Payday loans are a type of short-term loan that can be used to cover unexpected expenses or to avoid more expensive late fees charged by utilities and other creditors. People with little or no credit are often the target customers of payday loans, as they can apply for the loan without worrying about their credit score. Recently, the Consumer Financial Protection Bureau issued a final rule on payday loans, rescinding Obama-era provisions that would have required lenders to ensure that borrowers could repay their loans before issuing cash advances. Most lenders offering payday loans require borrowers to pay a finance charge (service charges and interest) to get the loan, the balance of which is due two weeks later, usually the next payday.
However, taking out a payday loan can have serious consequences for your credit score, savings, and even legal status. A study conducted by the industry-funded Georgetown Credit Research Center found that more than 40% of borrowers believed their payday loan rates were less than 30% APR, which is not much higher than the rate on a credit card. Unfortunately, many customers who use payday loans are unaware of the high interest rates and focus more on so-called commissions. Lawmakers in states with payday loans that want to preserve access to small loans should enact comprehensive reforms such as those in Colorado, Hawaii, Ohio, and Virginia.

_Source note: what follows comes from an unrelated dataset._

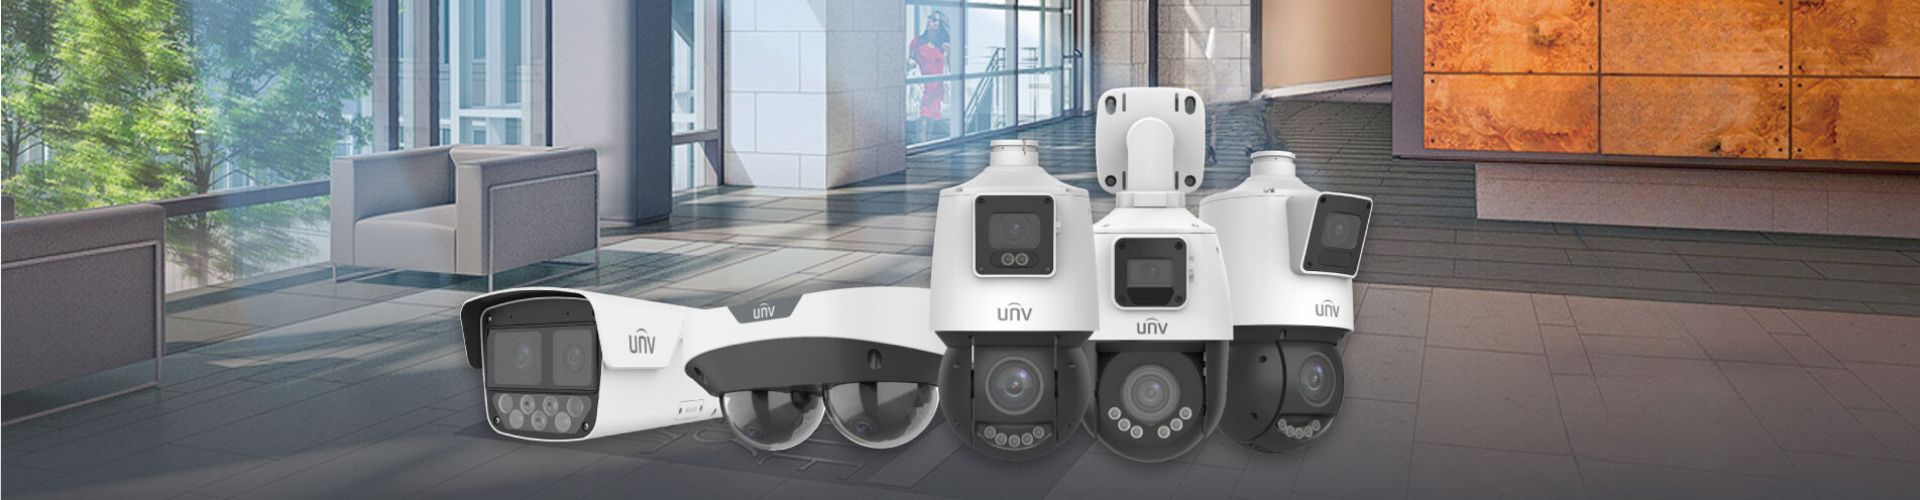 Uniview-Security-Cameras_2-CTC Communications
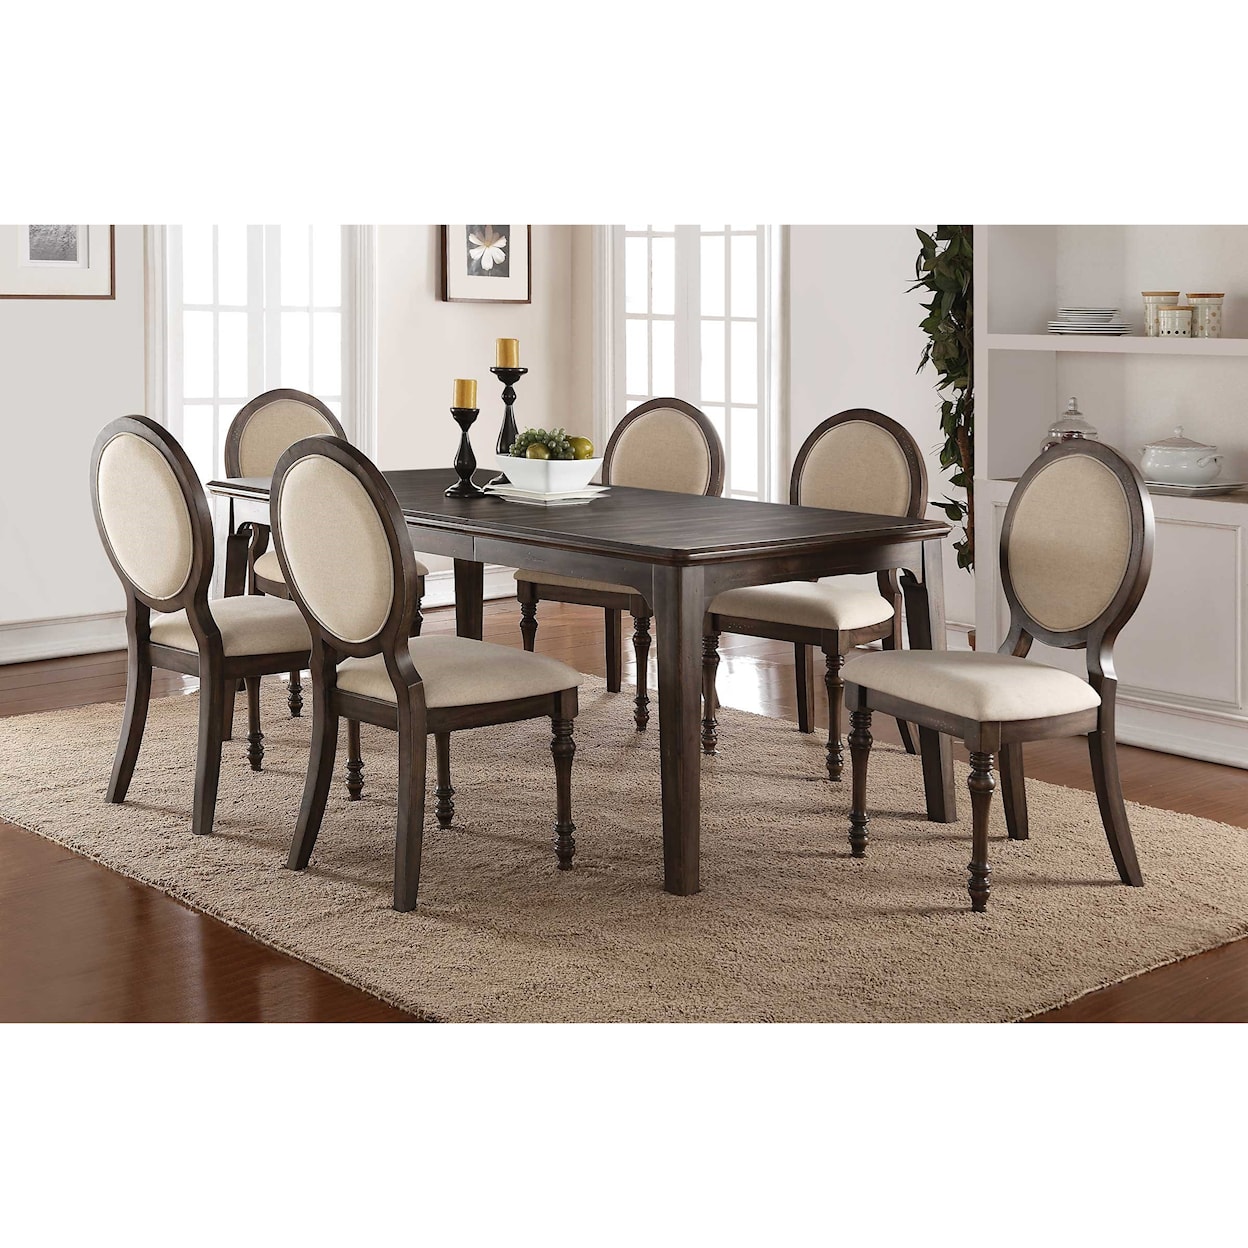 Winners Only Daphne 7-Piece Dining Set

But for the vast majority of payday borrowers (those who apply for five or more payday loans per year and account for 91% of all payday loans), these loans function as chronic debt rather than useful credit. In reality, anyone who meets these criteria will probably also have access to some type of credit that is more affordable than a payday loan. Most payday borrowers work this way, either by paying a commission to renew a loan for two more weeks or by applying for new loans, plunging them into a dangerous cycle of debt. People who are most vulnerable to payday lenders often do not have sufficient bank accounts or do not have accounts with major financial institutions, leading them to turn to services such as payday loans to build credit.
But while payday loans can provide much-needed emergency cash, there are dangers you need to be aware of. In addition, the statutes set the duration of a loan, some as short as 10 days, but other states do not impose restrictions on the duration of a loan. According to an industry-funded study conducted by the Georgetown Credit Research Center (CRC), 75% of borrowers interviewed believe that the government should limit the rates charged by payday advance companies, and 72% believe that the government should limit the interest rates that lenders can charge, even if that means fewer consumers could get credit.